What this shows is a high level of preoccupation with foreigners, even though – at both ends of the spectrum - they have been credited with part of the economic success the country has achieved over the past four years. In a sense, this paradox was inherent even within the Prime Minister’s own economic plan for Malta: by ‘elevating’ the lowest economic bracket, while attracting higher-paying foreign companies to invest locally, the ‘cosmopolitan vision’ for Malta has resulted in an economic dependence on foreign workers at both ends of the scale.

And yet, one of the top concerns with regular foreigners is the fear that foreigners will take the jobs of the Maltese: a concern which tops the list for 20.1% of respondents. It appears to be an irrational fear, at a time of economic prosperity with the number of jobless hitting record lows.
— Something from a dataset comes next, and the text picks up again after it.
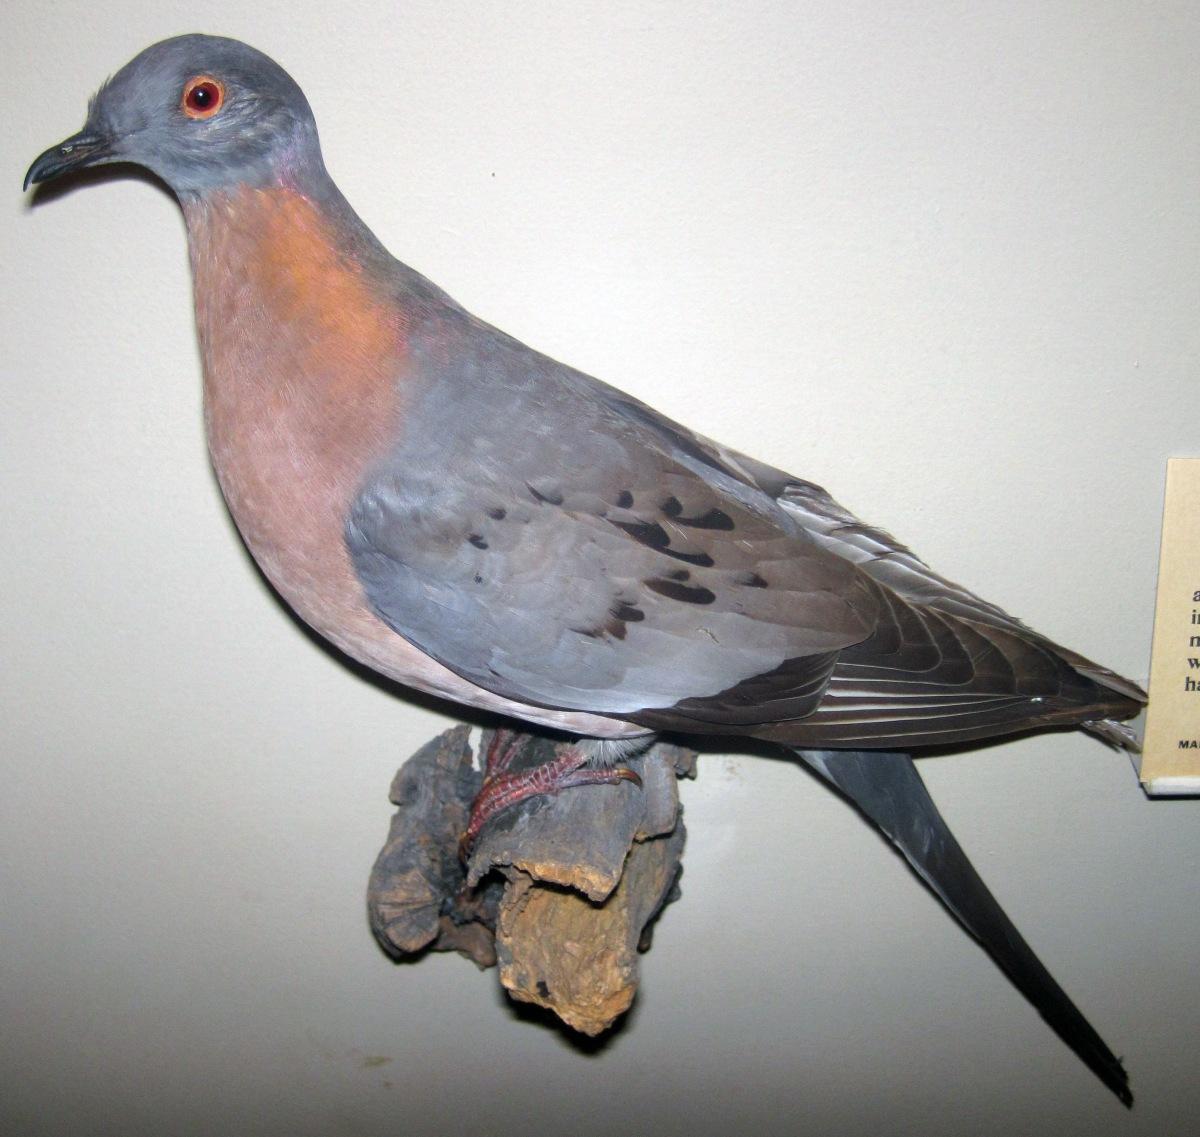 ectopistes_migratorius_28passenger_pigeon29

But it appears paradoxical for another reason. These abstract fears seem to extinguish themselves when people are asked whether there is a fear of foreigners in the locality where they live. Three quarters of respondents answered ‘No’ to that question. In fact, the vast majority of Maltese do not speak on a regular basis with foreigners outside the place of work.

Personal experience appears to tell a different story from popular misgivings.
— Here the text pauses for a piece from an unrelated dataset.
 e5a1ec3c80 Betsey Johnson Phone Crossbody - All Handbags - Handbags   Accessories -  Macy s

This goes to show that part of Malta’s traditional ‘fear of foreigners’ is grounded in perception or based on the fear of the unknown: probably also fanned by fear-mongering on social media.

Nonetheless, the perception is there, and understanding why it exists may prove a vital component to the fruition of Muscat’s plan. On one level, these concerns may be fuelled by a deeper underlying anxiety about wage stability in Malta. Statistics may belie the view that foreigners are ‘taking Maltese jobs’... but it is harder to dispel the argument that a foreign labour influx helps keep wages in certain sectors depressed.

A low wage that may be sufficient for someone who is in Malta to earn money, and is sharing expenses with other co-nationals, may be problematic for the Maltese who are living here permanently, as well as other foreigners with longer-term plans. And while employment figures have reached record highs, it is an open secret that wages have not increased in step with the economy.

It is all well and good to embrace an inclusive and egalitarian vision, but we cannot ignore the side-effects of the accompanying demographic changes. One such effect is the perception that the bottom end of the labour market has stagnated: relying on cheap labour and precarious conditions which may, in time, have a snowball effect on the rest of the economy.

Meanwhile, there are issues on the high end of the wage equation, too. Despite industry insiders rushing to calm the waters, people are beginning to feel the pinch of sky-rocketing rent prices: driven in the main by an influx of higher-salaried workers who can afford to pay much more than the rental market has ever asked before.

In both cases, people now feel they are being edged out of territories they had previously regarded as their own. Under such circumstances, it is inevitable – albeit unfortunate – that the general population would blame ‘the foreigner’ for pushing prices up and wages down... when what we really should be looking at are the policies and practices that regulate those sectors from above.  

This, in turn, may help to explain the most worrying figure, which concerns the abstract notion of ‘invasion’. The survey found that 10.7%, and a more significant 41.2%, were concerned that regular foreigners and asylum seekers respectively, are ‘invading us’. Beyond the alarmism, the sentiment may also be a reflection of genuine fears that a way of life we have always taken for granted, is now under threat.

Hence the paradox: part of the motivation for the Prime Minister’s vision is, in fact, a generational change that would make Malta a more modern, forward-looking country.

Taken together, these findings portray a complex picture of integration that is still in its embryonic stages. Within this mosaic, pushing for a cosmopolitan Malta will require greater harmony between the resident population and foreigners coming to live and work here. Government needs to be more coherent – and more honest – about its plans for Malta: it needs to admit that migration does play a large part in the country’s economic vision; and above all, it needs to manage the integration aspect better.

A lot of work still remains to be done. Just wishing for a cosmopolitan country is clearly not enough to make it happen successfully.